Rongée par la douleur et la honte, Zilia se trouve prête à en finir, persuadée que sa vie n’a plus de sens sans Aza. Mais, dans le tourment de la lettre trente-six, elle confie à Déterville l’horreur de son désarroi : trop tard, elle est remise au monde en écho au souvenir fatal d’Aza. Son corps, amaigri par le chagrin, menace de céder. Elle revoit les instants où elle s’était jetée à ses pieds, éperdue de larmes. Le regard d’Aza fuir sa propre image l’a blessée au-delà de toute mesure. Dans un geste de désespoir, elle regrette de n’avoir pu suivre son ingrat sous sa nef en fuyant à Malte, car ainsi elle l’aurait vu encore, peut-être même serait-elle morte avec l’honneur retrouvé de mourir à ses yeux. À Déterville, elle avoue sa colère : pourquoi l’avoir laissé partir seul ? Lui, qui aurait pu changer le cours des événements par sa générosité et sa raison, il l’a cru morte. Hélas, Aza se trouve déjà en Espagne, au comble de ses vœux, laissant Zilia à sa douleur.

Pour autant, Zilia n’accuse pas Déterville. Dans ces lettres de rupture, sa gratitude envers le chevalier est intacte. Elle le sait plein de compassion pour elle, lorsqu’elle lui demande pardon de ses mots blessants, témoin de sa douleur trop vive pour la raison. Elle implore finalement Déterville de l’oublier à jamais, de s’éloigner de cette malheureuse en perdition qui ne veut plus vivre. Le sort des Amours malheureux est connu, pense-t-elle ; à mesure qu’elle revient à elle, sa lettre trente-sept assure que ses jours lui reviennent, non par joie mais par résignation. Grâce au dévouement de Celine, Zilia retrouve la santé. L’amour qu’elle éprouve reste intact, mais elle abandonne l’idée de le combler.

Dans la lettre trente-huit, ultime missive à Déterville, Zilia se relève pour la première fois et se parle à elle-même en paix. Elle refuse ses avances : elle ne veut plus lui donner d’illusions. Mon cœur n’appartient plus à l’amour, mais à l’amitié, écrit-elle. Fidèle envers et contre tout au souvenir d’Aza, elle persiste à faire valoir son serment initial : elle ne pourra jamais prendre d’autre époux. À Déterville seul, en revanche, elle concède sans détour tous ses sentiments d’amitié et de reconnaissance. Ni parjure, ni ingrate, dit-elle, mais respectueuse des vœux sacrés qu’elle a faits.

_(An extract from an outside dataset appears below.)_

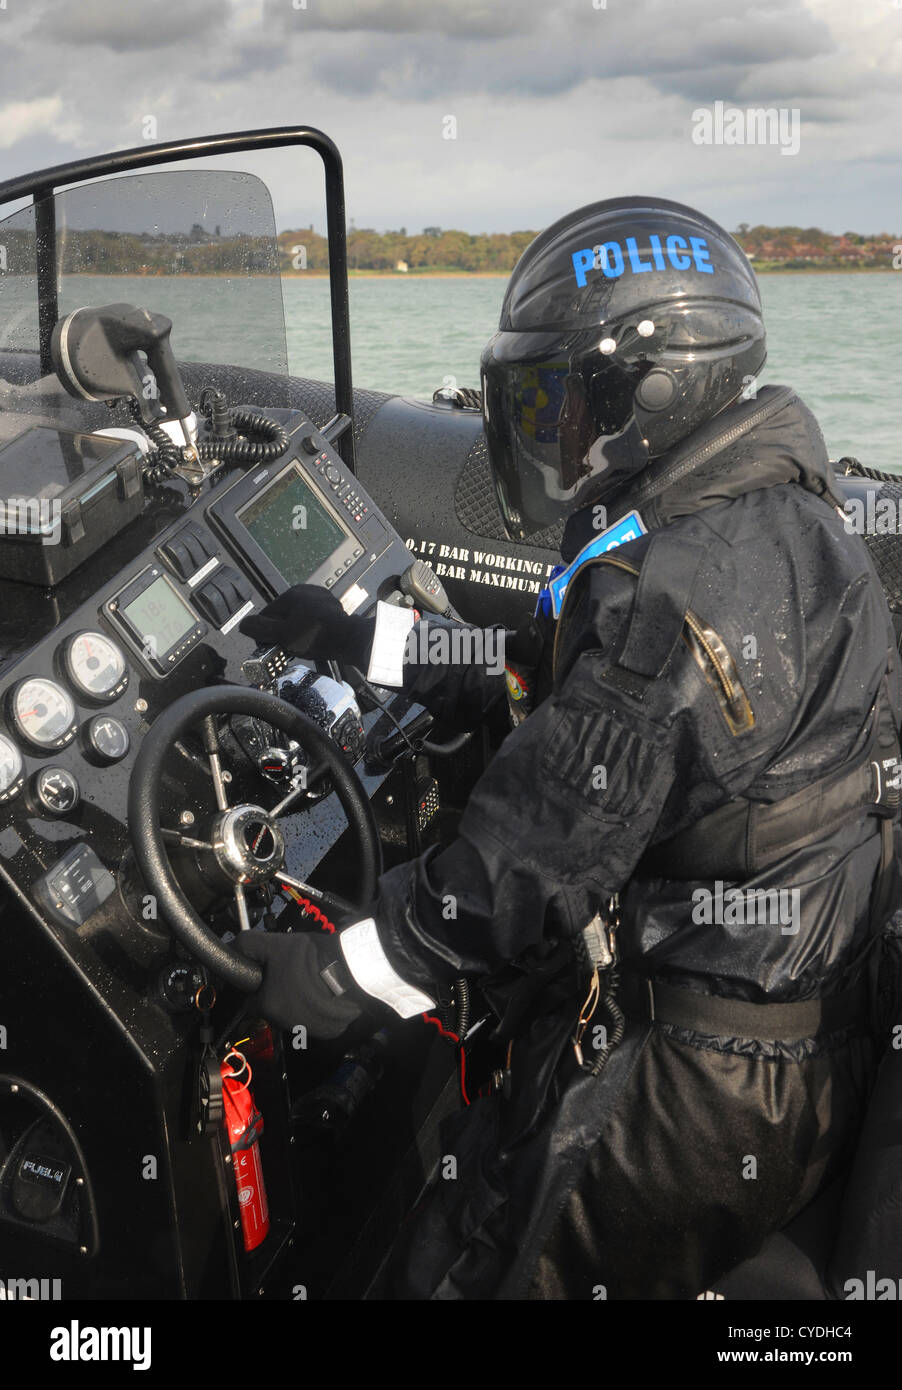 Marina di polizia officer presso i controlli di alta velocità nervatura su un giorno inverni. Solent. In Inghilterra. Ottobre 2012. Foto Stock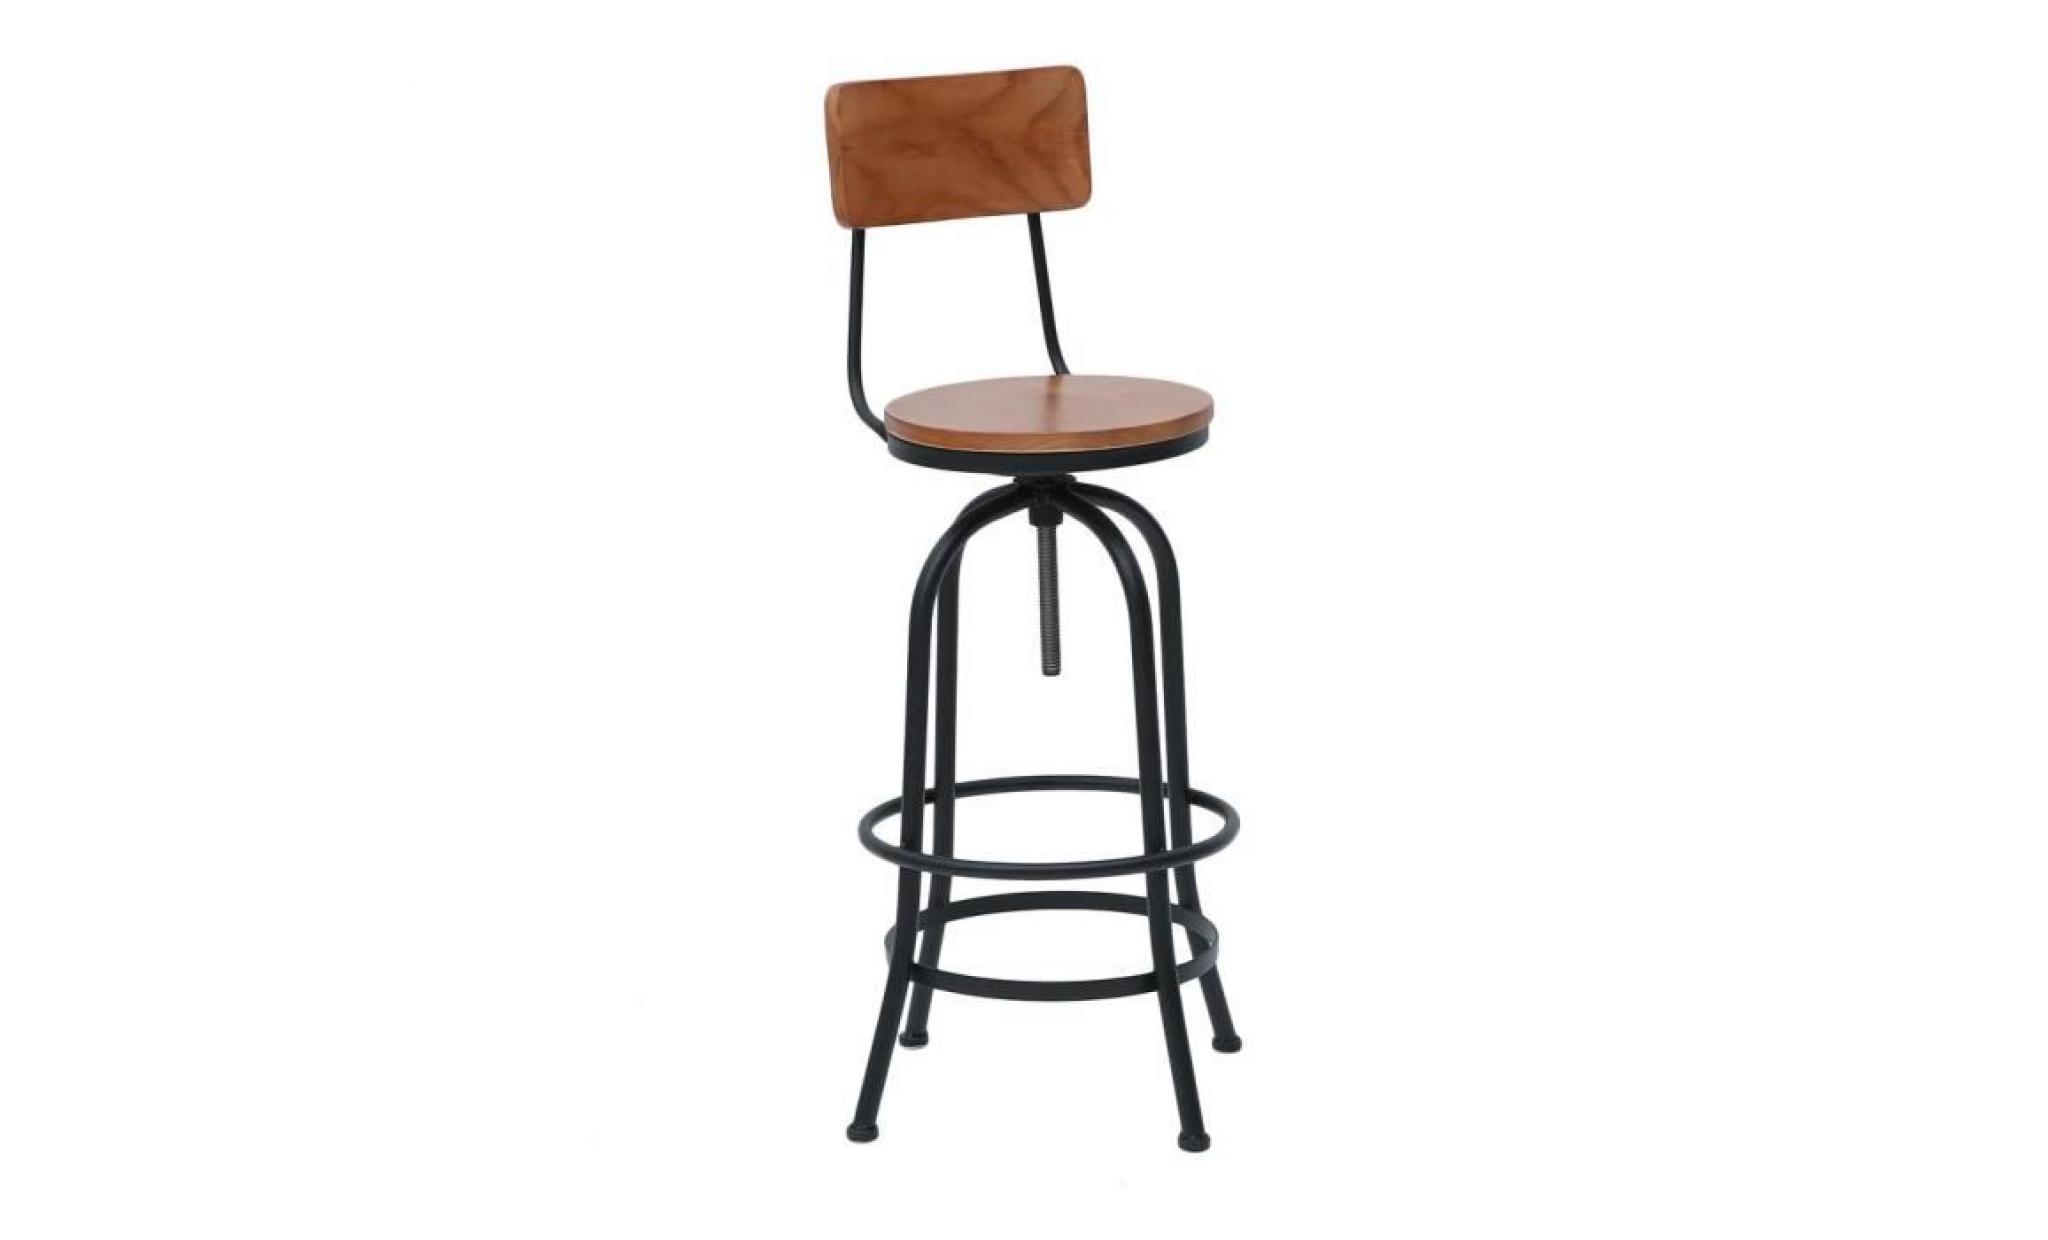 chaise de bar tabouret de bar haut vintage industriel hauteur réglable tabouret rond rotatif

À la fin du récit, Zilia accepte son sort parmi les Français. Elle se consacre désormais à ce nouveau foyer qui lui permet de survivre, trouvant refuge dans la fréquentation bienveillante du chevalier Déterville et de sa sœur. Elle se promet de développer entre eux des liens humains profonds, fondés sur la confiance, la curiosité et le partage d’amusement. Dans le dernier paragraphe, elle décrit avec poésie la douceur inouïe d’exister pleinement, reconnaissante de pouvoir puiser dans la nature et dans l’amitié les plaisirs innocents et durables qui viendront apaiser sa peine. Elle y voit un enseignement : sa vie, oubliée, ignorée de tant d’aveugles humains, devient un hymne au simple fait d’être. Zilia invite Déterville à découvrir avec elle les merveilles du monde visible, à adorer l’existence même comme une grâce. Le pardon et le dépassement de la passion trahie se nouent en elle dans un projet de bonheur nouveau : elle offrira son cœur loyalement en amie, fidèle à sa nature, éclairée par la perte douloureuse de son amour. Ainsi finit ce voyage épistolaire où Zilia, revenant du désespoir jusqu’à la quiétude, trouve enfin la force d’accepter son destin.